We picked up the three Indian's (no, not Native Americans, Indians from India) today from the airport. Living Word has a project in India, it has for many years. It's a medical project along with a few other things. I have to be honest, I don't know much about our project there. Either way, these three people are ones that we know from this project and they have agreed to join us here in Ethiopia to do relief work. It's amazing really, that people who have so little would travel to another country to help those who have even less. It's a beautiful thing. One of the people, Dr. Sankar, was here with me last summer. He and I shared a room together. He truly is a wonderful person, very kind. This time his wife and another nurse came along, it was the two ladies first time out of India.
In less than 4 hours the other Americans will be arriving. We have been calling them "the others" for the past week or so. I often find myself referring to them as "the Americans", forgetting that (unfortunately sometimes) I am also an American. It's kind of funny actually, I am so used to seeing people with black skin that the other day when I was holding Frew's hand during prayer my white skin shocked me. Even my Ethiopian friends here have begun to tell me that I am becomming more Ethiopian than I am American. I only wish that I could stay longer to make it even more true.
Two of the Americans that are coming are very special people to me, mom and dad. I am very happy that they are coming. My dad was here with me in January and this will be my mom's first time.

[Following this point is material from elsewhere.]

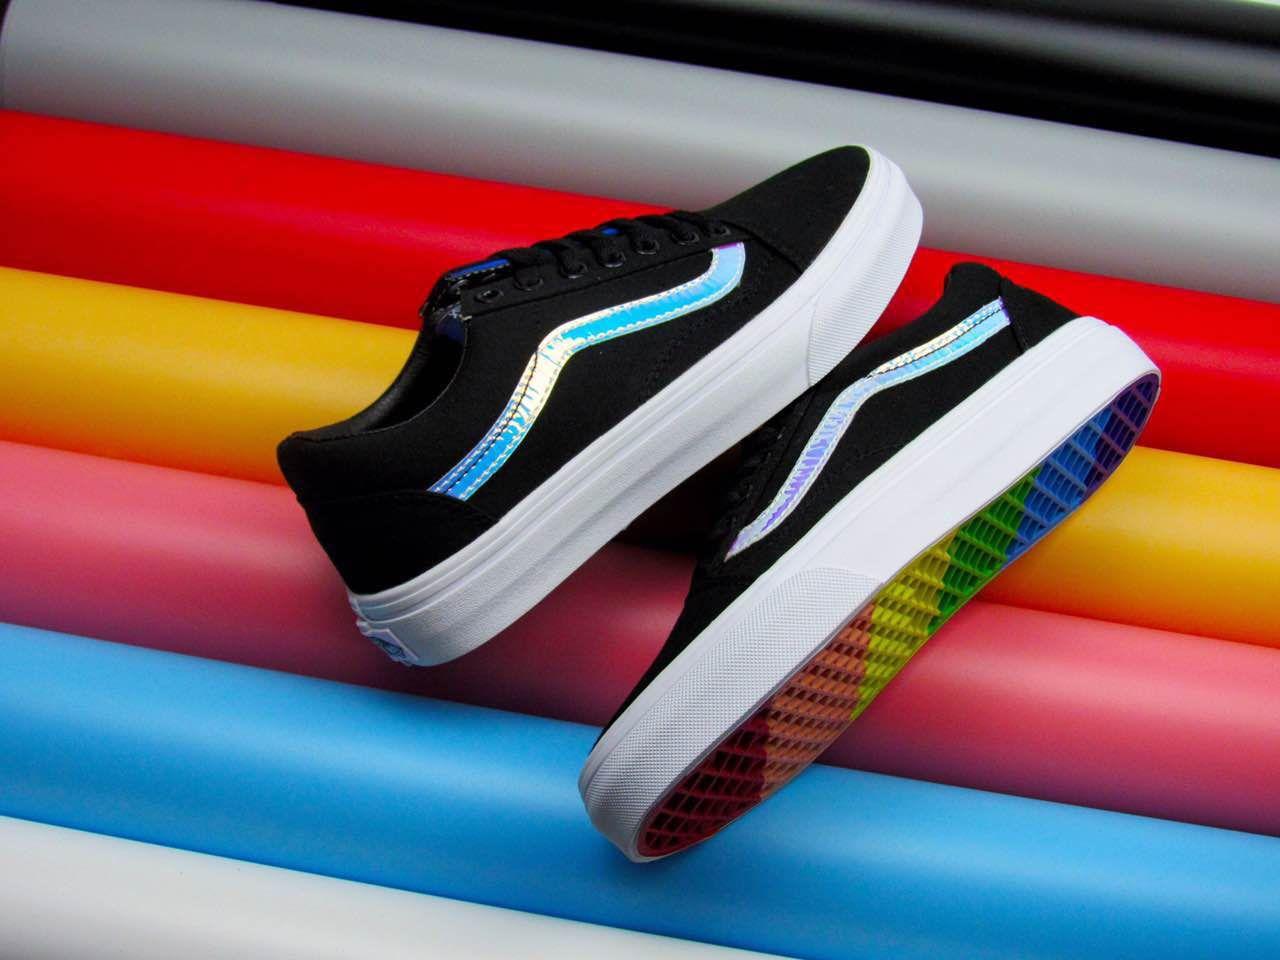 05268e122b1d 2017 Vans Old Skool Low Classic Colorful Skate Shoes  Vans ...
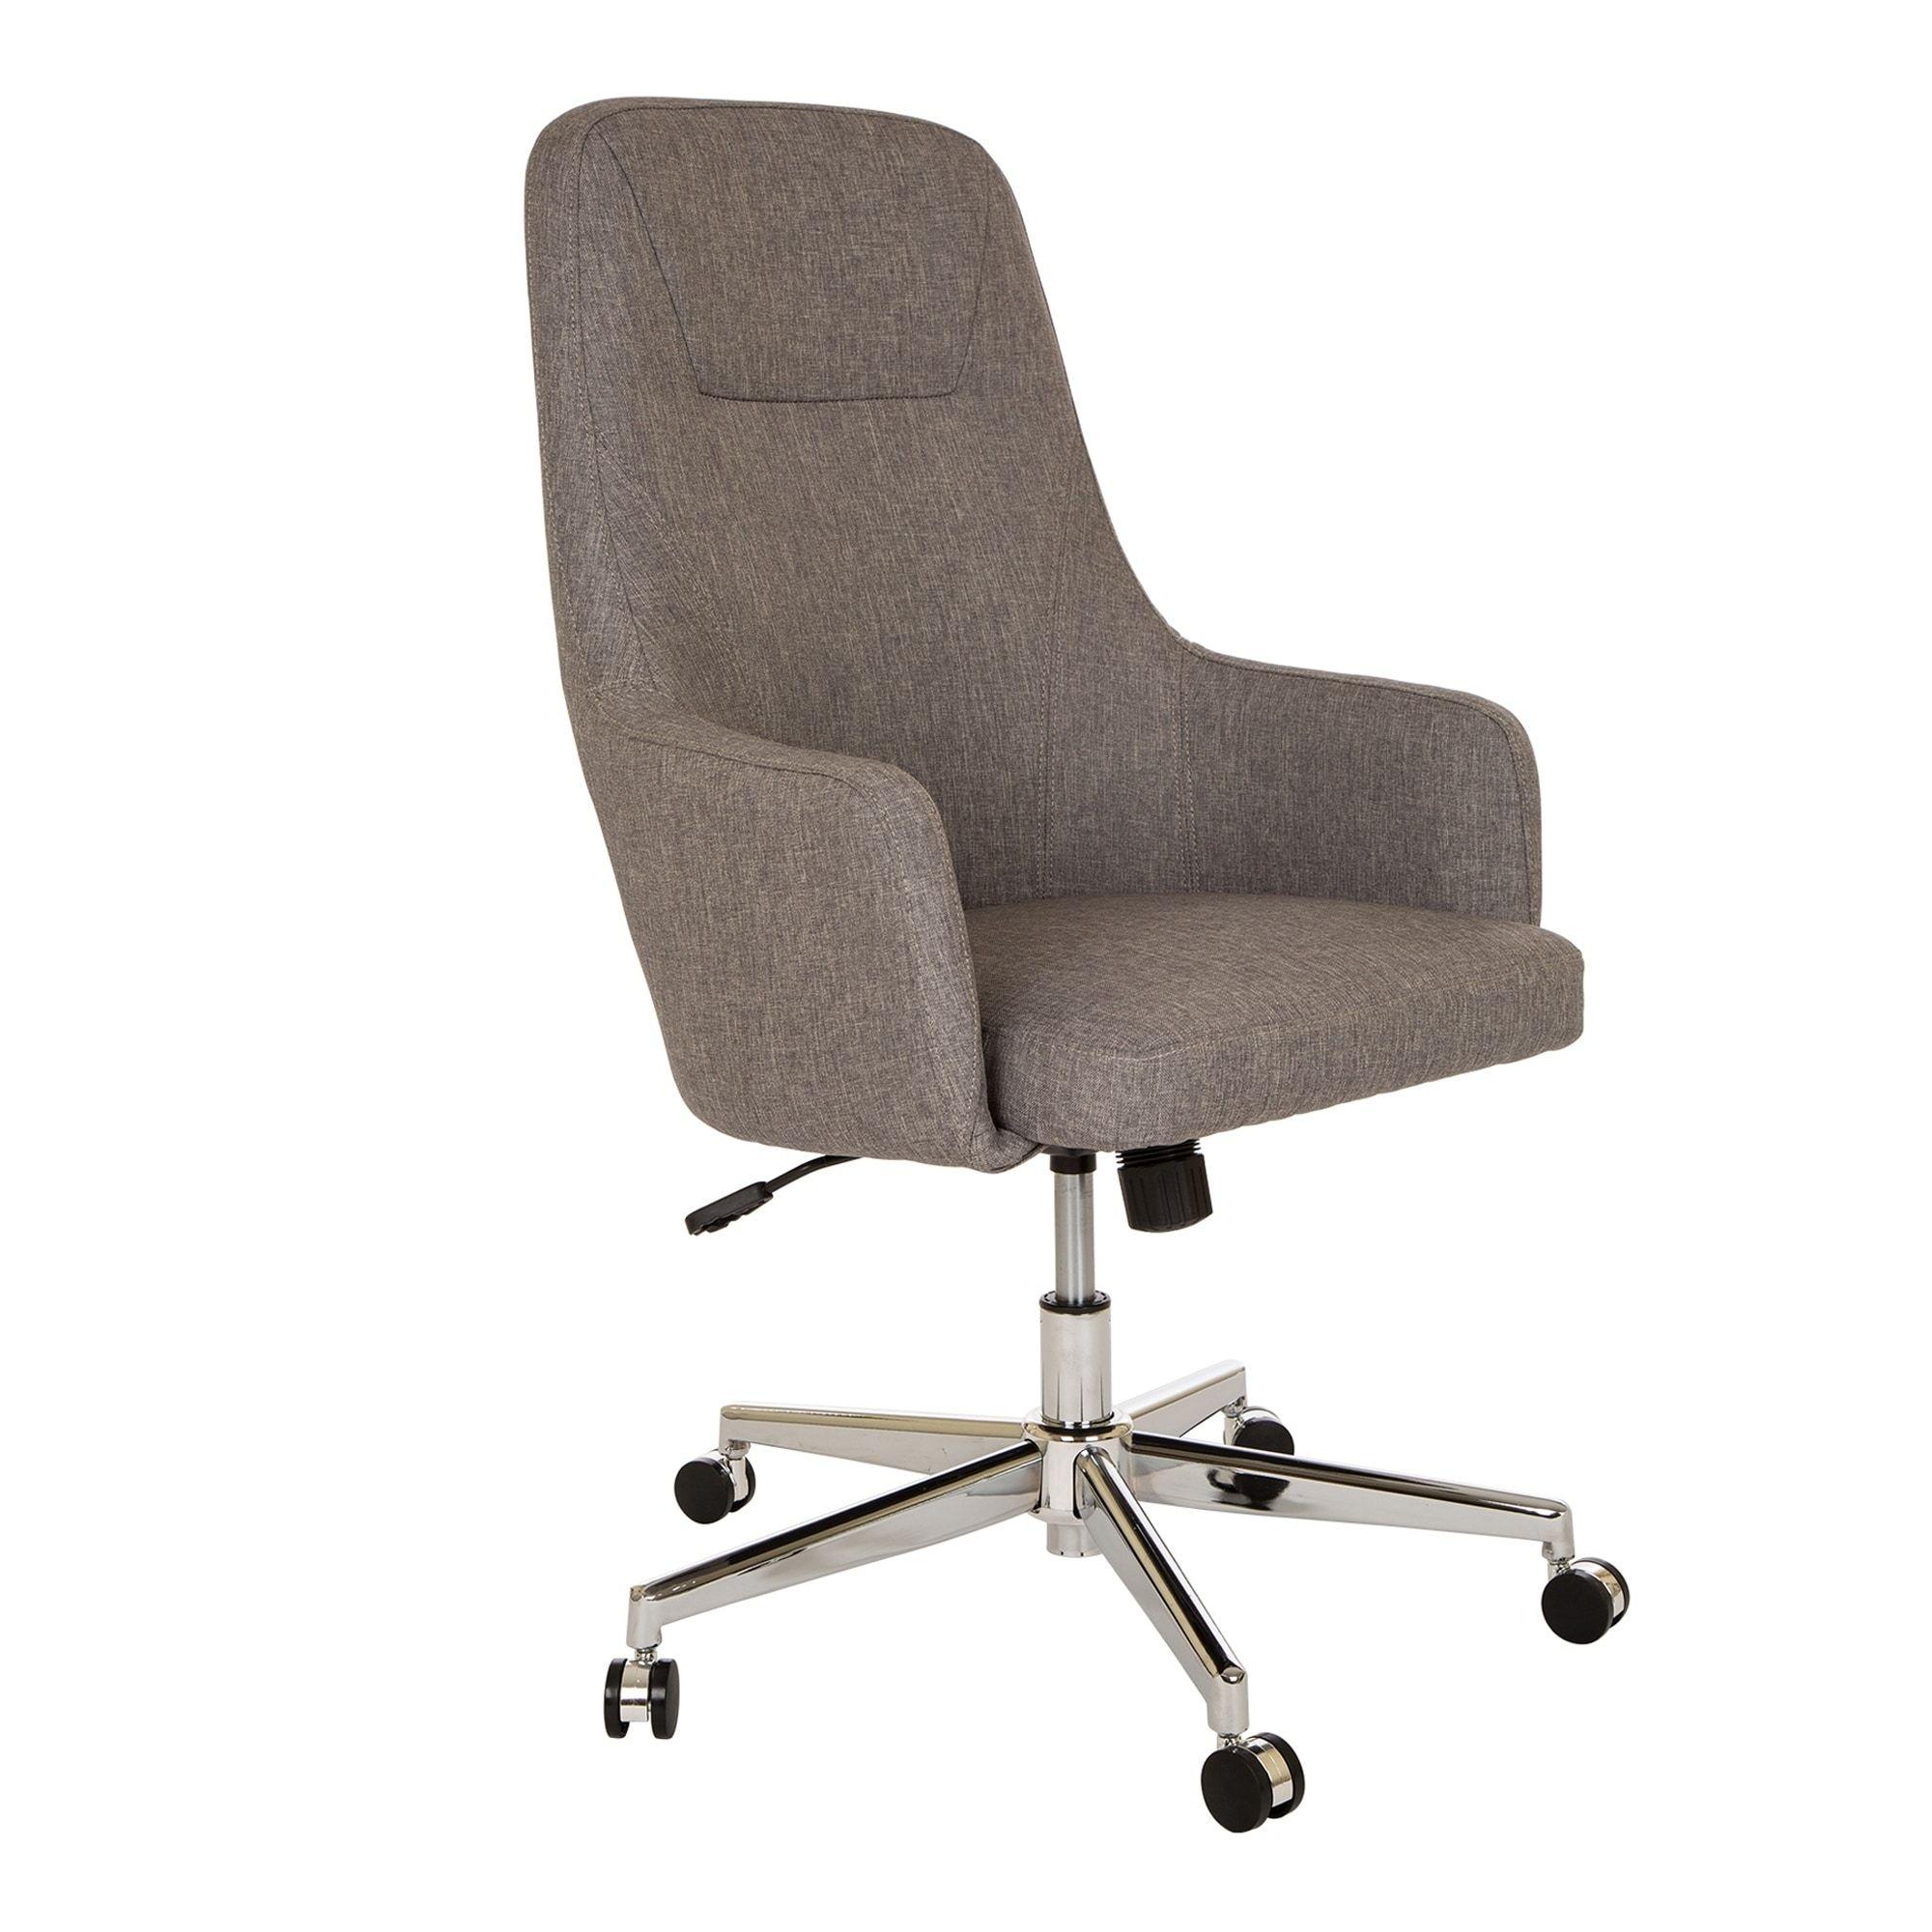 Vintage Pollock Desk Office Chair Knoll Mid Century Modern Leather

They haven't travelled in a long time, Ethiopia is quite the place to pick. I hope that they will enjoy it, actually I know that they will. How can you not enjoy a beautiful country, beautiful people, wonderful food and the best coffee in the world? I think it's impossible.
I have just over two weeks left, 16 days to be exact. I can't believe that my time is half over. I think that I will find it very hard to leave. I have become a part of this family, I have become a part of this culture and they both have become a part of me. How do you leave such a thing?
Well, I should rest now...I had to wake up rather early this morning to get to the airport...and I'll probably be up late with the others.